Role Description:
We are looking for an experienced, highly skilled and motivated Senior Compiler Engineer to join our compiler team. In this role, you will be responsible for designing, developing, and maintaining critical components of our AI-driven compilation stack. You will work on PyTorch, Triton, LLVM, and MLIR to build robust, scalable, and high-performance solutions for diverse
hardware backends.

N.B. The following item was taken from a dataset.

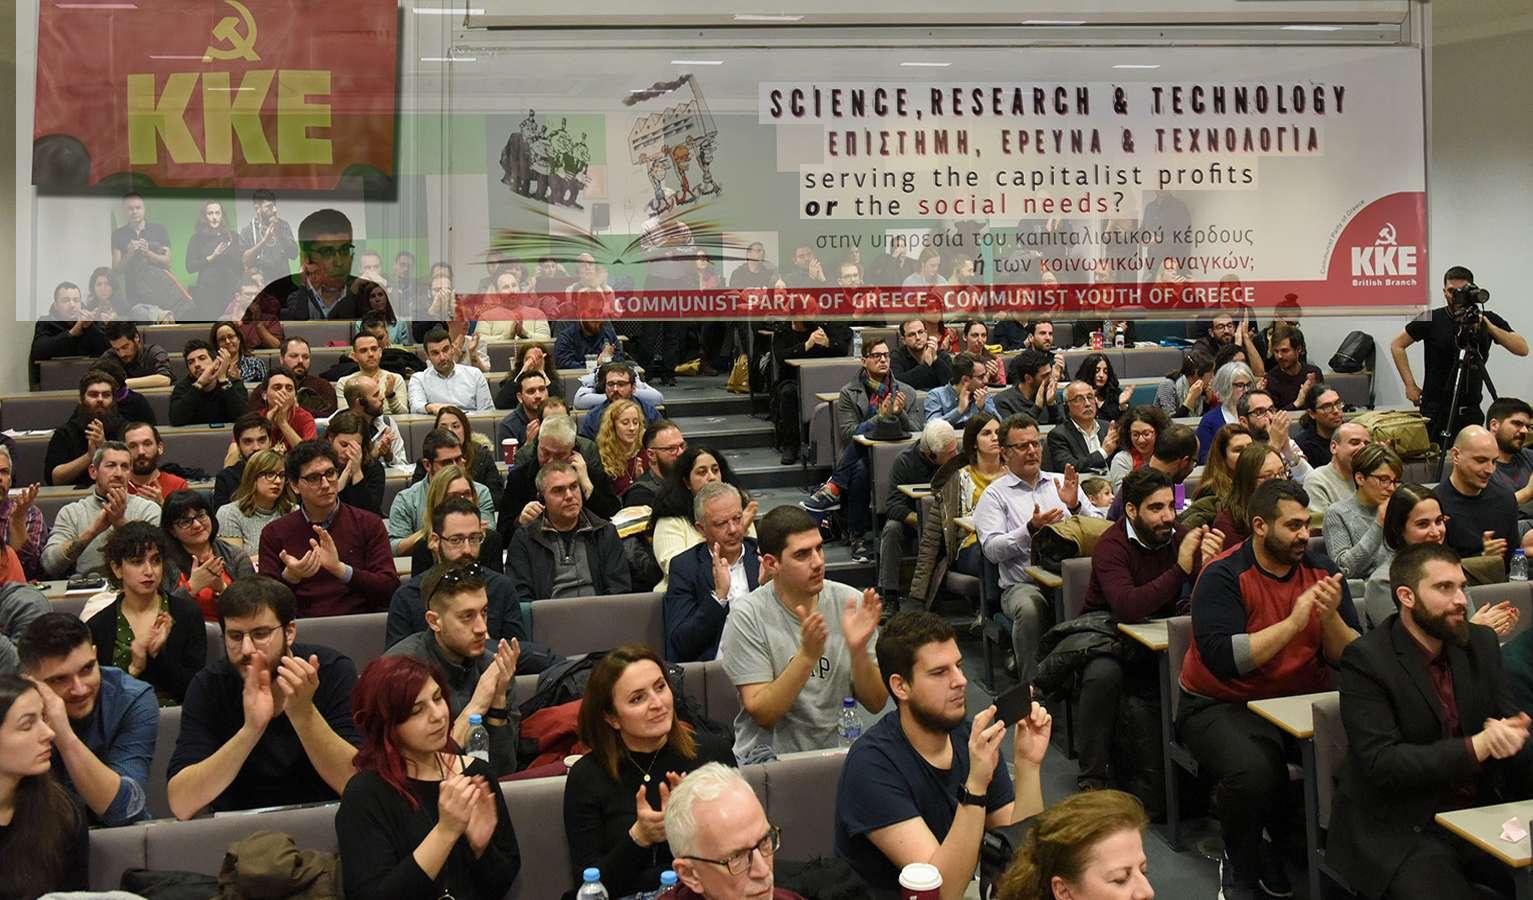 Λονδίνο Επιστήμη Έρευνα στην υπηρεσία των λαϊκών αναγκών όχι του καπιταλιστικού κέρδους

This is a hands-on technical position where you will solve complex problems, optimize for performance, and contribute to the next generation of our technology.
What You’ll Do:
- Design, Implement, and Optimize Compiler Components: Architect and develop critical compiler modules to efficiently translate and optimize AI models for deployment across a variety of hardware platforms, including CPUs, GPUs, and emerging custom accelerators
- Enhance and unify PyTorch Inductor, Triton, LLVM, and MLIR toolchains to support cutting-edge architectures, facilitate seamless interoperability, and enable rapid experimentation with new compiler features
- Create and maintain custom IRs, code generation passes, and optimization strategies tailored for AI workloads, focusing on both general and domain-specific improvements
- Profile and tune computational kernels—such as linear algebra operations, matrix multiplications, and elementwise computations—to achieve optimal performance, scalability, and resource efficiency on diverse hardware
- Open-Source Engagement: Actively contribute to the LLVM, MLIR, Triton, and PyTorch open-source projects, sharing improvements, collaborating with the developer community, and driving the evolution of the AI compiler ecosystem
What We’re Looking For:
- Bachelor’s or Master’s in Computer Science, Computer Engineering, or a related field from a recognized university
- 7+ years experience in compiler engineering or closely related fields
- Deep knowledge of LLVM and MLIR internals, including IR transformations, code generation, and backend optimization techniques
- Experience with PyTorch (Inductor/Dynamo) and Triton, including their compiler subsystems
- Proven experience and expertise in C/C++ programming
- Demonstrated expertise in performance optimization, including vectorization, parallelization, and hardware-specific tuning
- Advanced debugging, analytical, and system-level thinking skills
- Excellent communication skills with a strong track record of cross-functional collaboration
Ways to Stand Out from the Crowd:
- Strong understanding of AI models — both training and inference pipelines
- Experience developing compiler support for custom hardware accelerators, including ASICs, FPGAs, or novel AI chips
- Active contributions to open-source compiler frameworks, demonstrating leadership and community involvement
- Familiarity with distributed training strategies, graph compilers, and advanced memory models
Skills Required
- Bachelor's or Master's in Computer Science, Computer Engineering, or related field
- 7+ years experience in compiler engineering or closely related fields
- Deep knowledge of LLVM and MLIR internals, including IR transformations and code generation
- Experience with PyTorch (Inductor/Dynamo) and Triton compiler subsystems
- Proven experience and expertise in C/C++ programming
- Demonstrated expertise in performance optimization (vectorization, parallelization, hardware-specific tuning)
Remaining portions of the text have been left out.